France-Algérie : des feux mal éteints ravivés par des incendiaires de la mémoire

Faute d’avoir jusqu’à présent accepté de l’assumer, la France se trouve maintenant violemment confrontée à son passé colonial en Algérie: un projet de loi visant à «juger les responsables de crimes coloniaux» a été récemment déposé au Parlement algérien – réplique tardive à l’article 4 de la loi française du 23 février 2005 qui décrétait «le rôle positif de la présence française outre-mer, notamment en Afrique du Nord».
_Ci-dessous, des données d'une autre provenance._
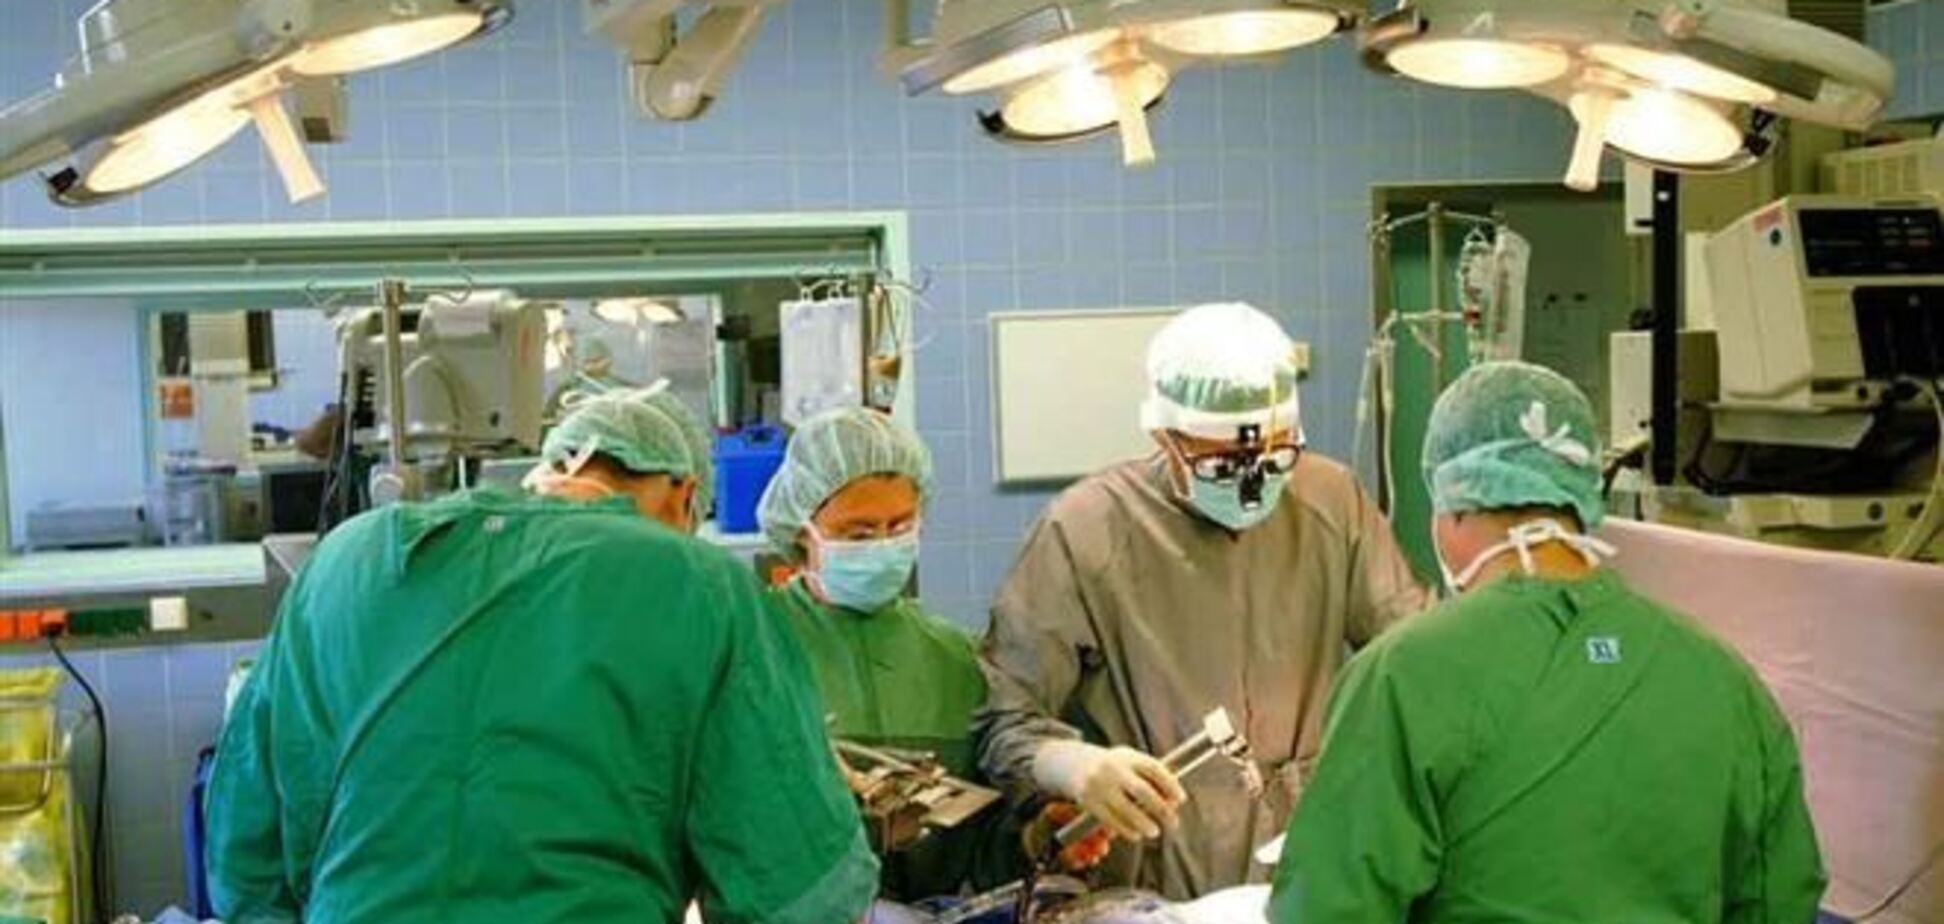 Британский хирург 'обозначил' своими инициалами печень пациента

La proximité des élections régionales explique sans doute l’émotion manifestée par Thierry Mariani, député UMP du Vaucluse et tête de liste de l’UMP pour les élections régionales en PACA, qui a refusé mardi matin 9 février de voter en faveur de la ratification d’une convention de partenariat avec l’Algérie signée il y a deux ans4. L’après-midi du même jour, à l’occasion d’une séance de questions au gouvernement, Hubert Falco, secrétaire d’Etat aux anciens combattants, répondait aux inquiétudes de Thierry Mariani, en célébrant une fois encore les vertus d’une Fondation pour la mémoire de la guerre d’Algérie …

[Mise en ligne le 9 février 2010, mise à jour le 10]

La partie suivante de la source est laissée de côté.